И вот перед Сережей задача… Кто он? Камень? Железо?

Будет ли он защищать Дымента или пойдет против? И как можно пойти против Дымента? Он привык видеть его начальником, авторитет которого был вне сомнения.

И что он, молодой инженер, мог знать о работе института и о делах Дымента? Когда Лукьянов и некоторые другие хотели на отчетно-выборном собрании провалить кандидатуру Валеева, ему просто объяснили, что Валеев «интриган». Шли дни, и Сережа сам убедился, что на Валеева возводили напраслину. Но Дымент? С первого дня он столкнулся с ним. Бюрократ, засидевшийся, обжившийся, не желающий понять, к чему ведут его дела. Это мнение, казалось, могло сохраниться на всю жизнь. Новые черточки, новые стороны характера Дымента поставили в тупик Сережу; строгий, резкий Павел Денисович порой становился доступным, понятным и даже простоватым.
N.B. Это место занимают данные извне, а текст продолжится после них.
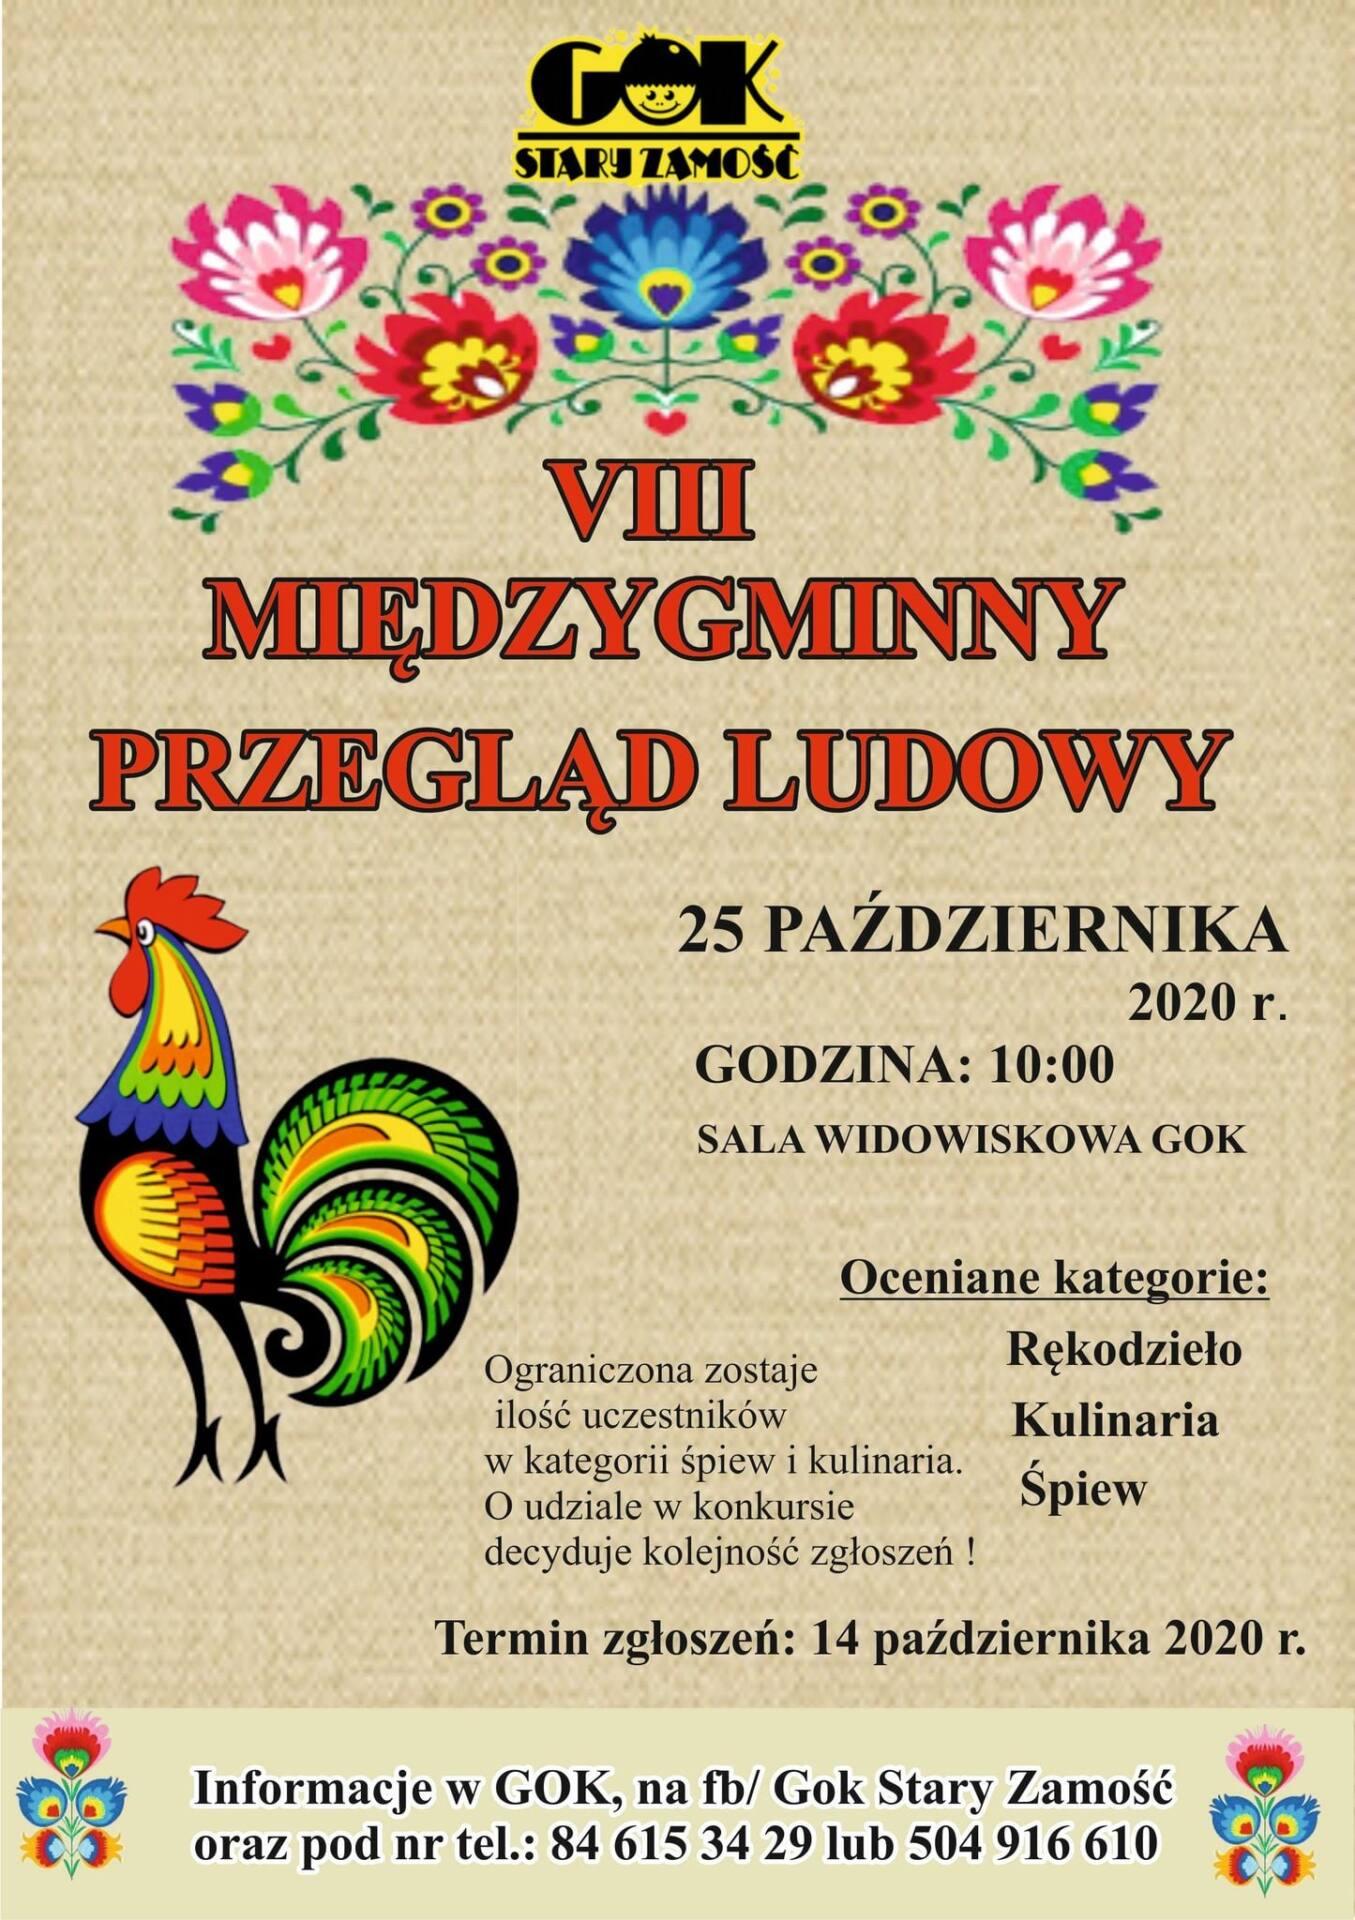 120415458 2435454886759277 3695956448904478589 o GOK Stary Zamość zaprasza na MiędzygminnyPrzegląd Ludowy.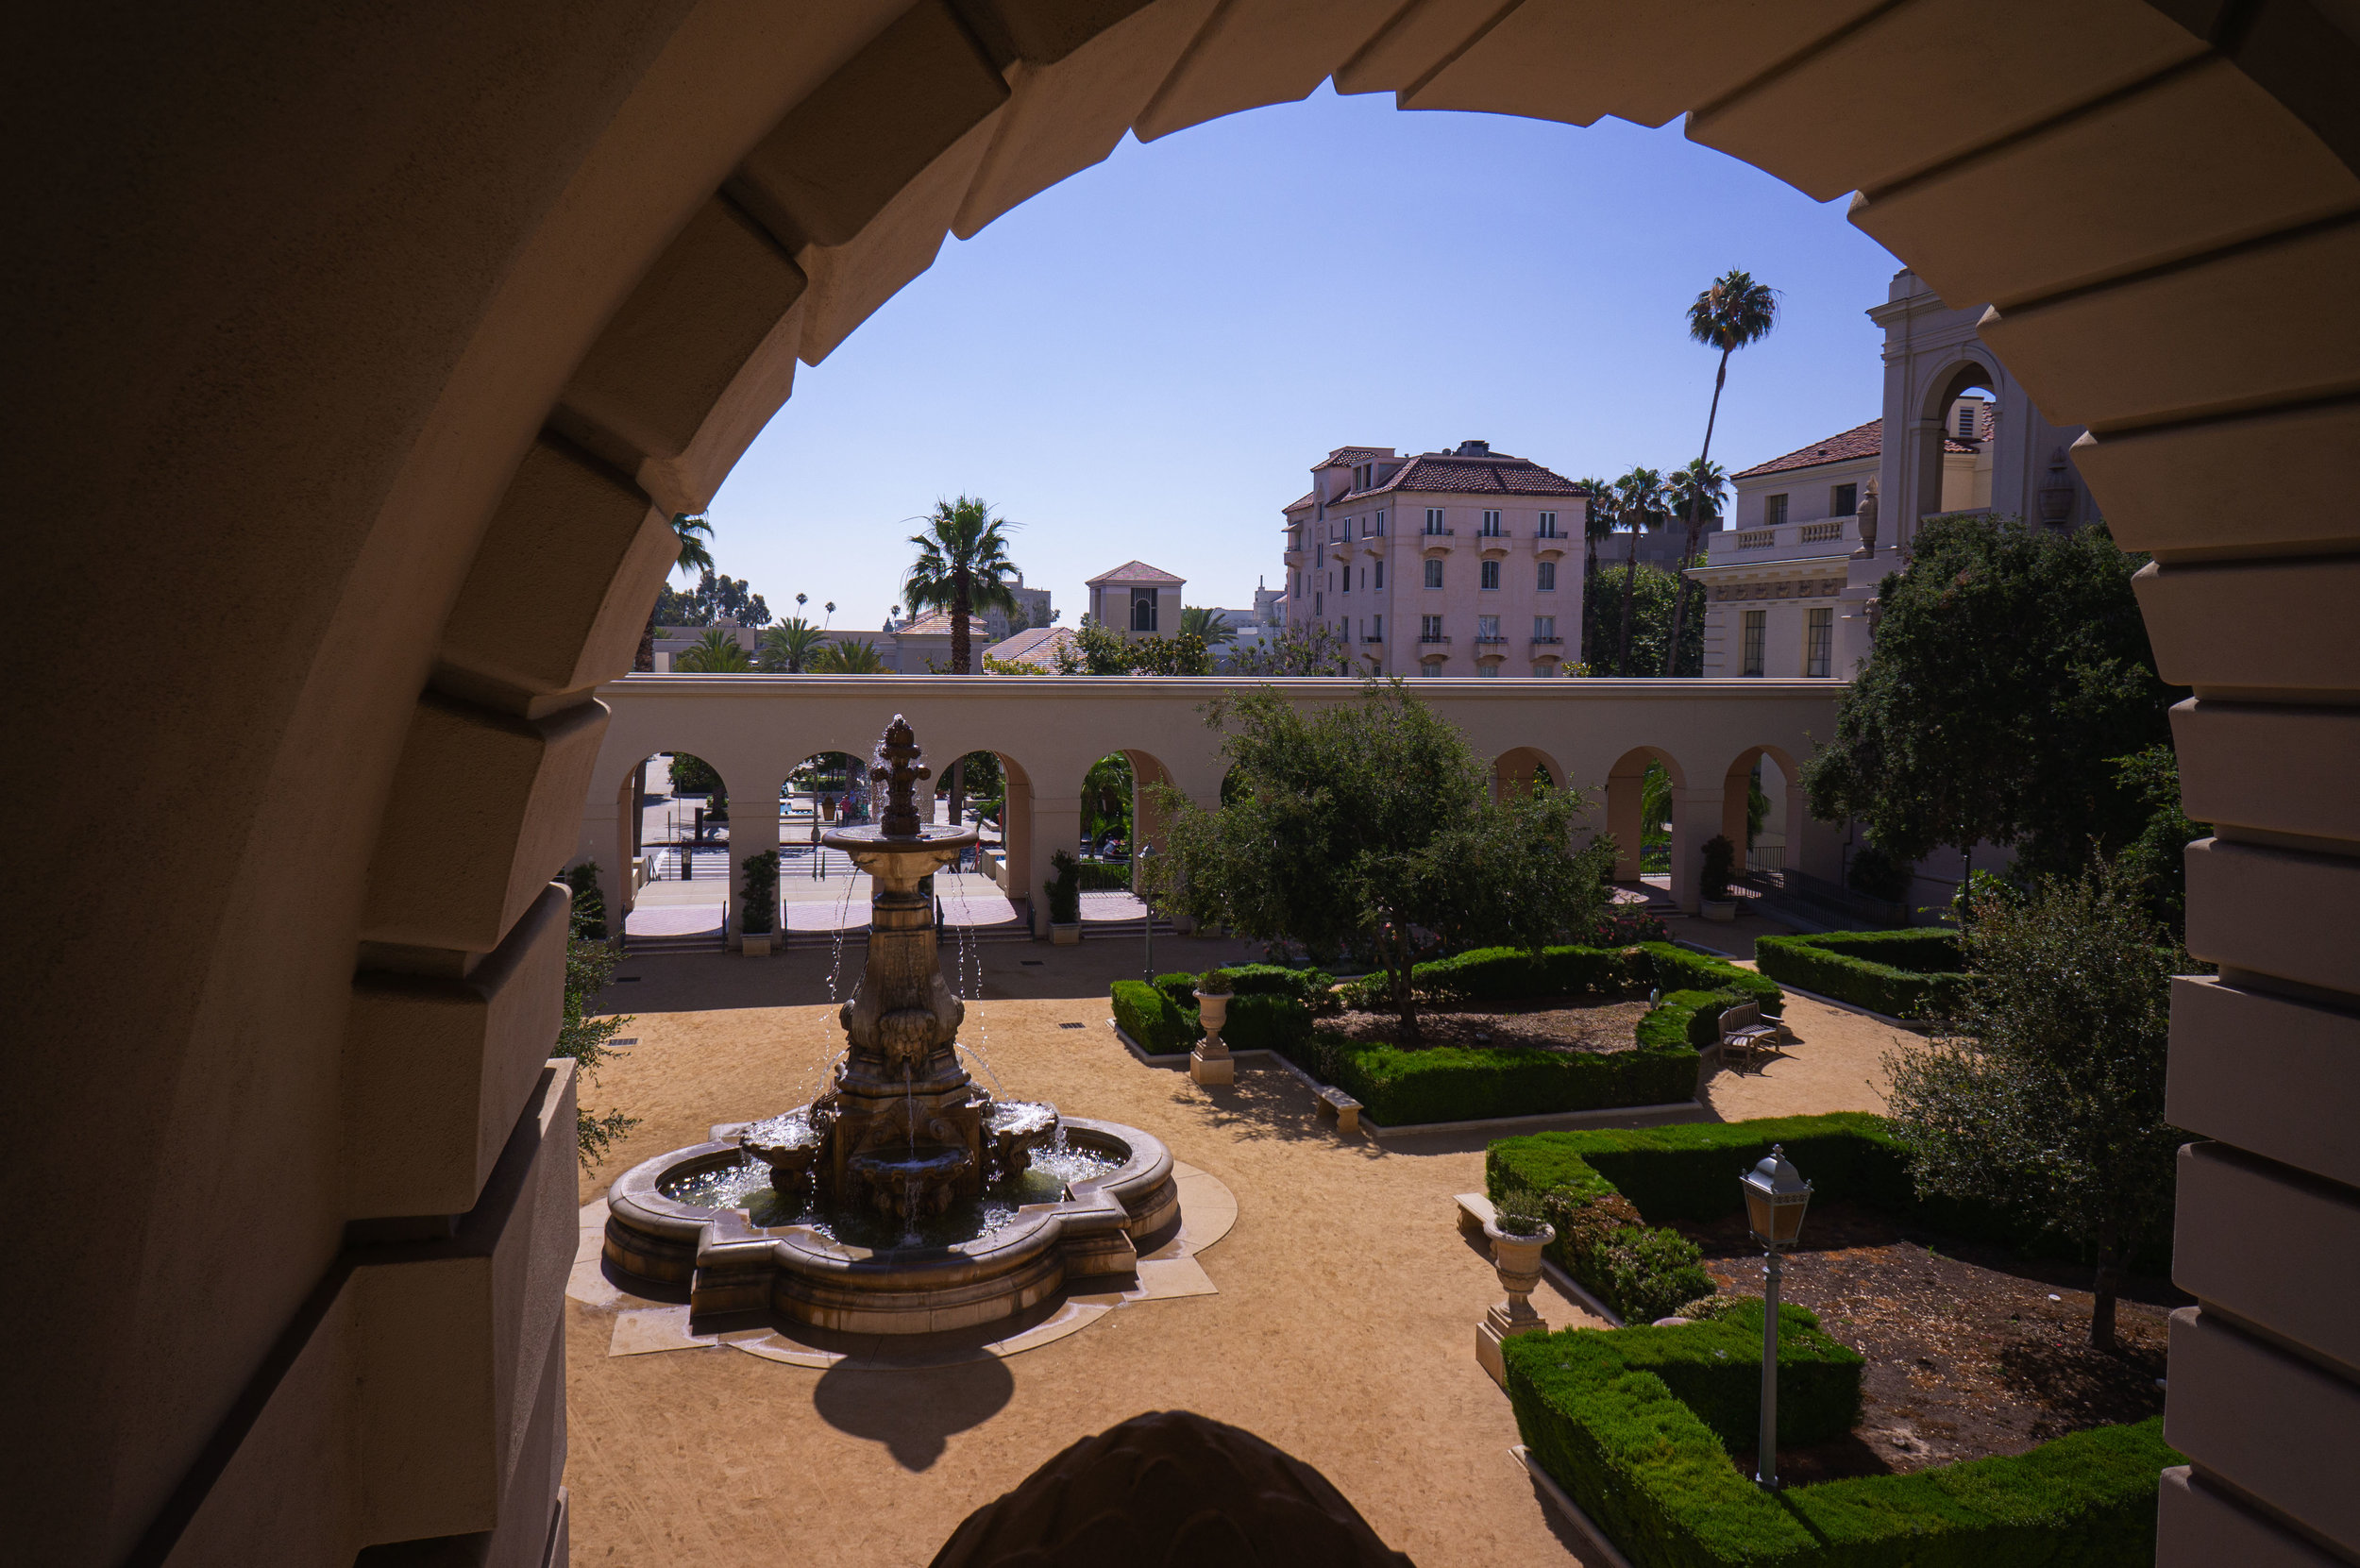 pasadena city hall stills - 7_1.jpg

И вдруг снова появился Дымент в новой роли — в роли наставника, заботливого друга. И тогда открывалась новая сторона его жизни: жена, картины вместо сберегательной книжки, вино со льдом.

«Значит, Дымент сложнее, чем на первый взгляд… Может быть, все это напраслина? Ведь лили в свое время и на Валеева».

Бюро горкома назначали на три часа дня. Прямо с утра Балашова вызвал к себе Дымент. Он нервно ходил по кабинету.

— Я все понимаю: закулисные ходы. Ты прекрасно знаешь, как я хорошо отношусь к молодым инженерам, помогаю им.

Сережа молчал.

— А что мне до закулисных дел! — вдруг вспылил Дымент. — Я хочу правды, истины. — И горько усмехнулся: — Правда, истина будут в горкоме.

Павел Денисович не стал ничего объяснять. Сережа вышел и тут же столкнулся с Валеевым — и того вызвал к себе Дымент.

— Что, обрабатывал?

Сережа недоуменно пожал плечами.

В горкоме Балашов и другие инженеры долго ожидали в приемной, когда их пригласят на бюро. Сережа вглядывался в лица, старался узнать, о чем они думают. Молчаливая, тревожная тишина иногда нарушалась незначительными фразами, не относящимися к делу. Неожиданно Сережа вспомнил: а где Лукьянов? Он спросил; Лукьянов заболел, сказали. «Он должен был заболеть», — подумал Сережа.

Потом пригласили всех. Это был небольшой, уютный кабинет, в котором Сережа тогда впервые увидел Садыю. Она и сейчас с улыбкой кивнула ему. Он молча сел к окну.

Дымент сидел напротив Садыи, красный, и все время виновато улыбался. Выступал Валеев, выступали другие. Сережа слушал, слушал, а в голове сидела та же надоедливая, точившая все эти дни мысль: «Камень? Железо?..»

— А вы что скажете, товарищ Балашов? — Бадыгова выжидательно смотрела на Сережу.

Он встал, как школьник, и некоторое время стоял в нерешительности. Потом открыл рот, чтобы сказать первое слово…

Сказал первое слово, за ним второе, третье, и сам удивился. Удивились и другие. Это было странно. Сережа ощутил необыкновенное спокойствие. А волнение? А мысли, которые будоражили? Куда все девалось?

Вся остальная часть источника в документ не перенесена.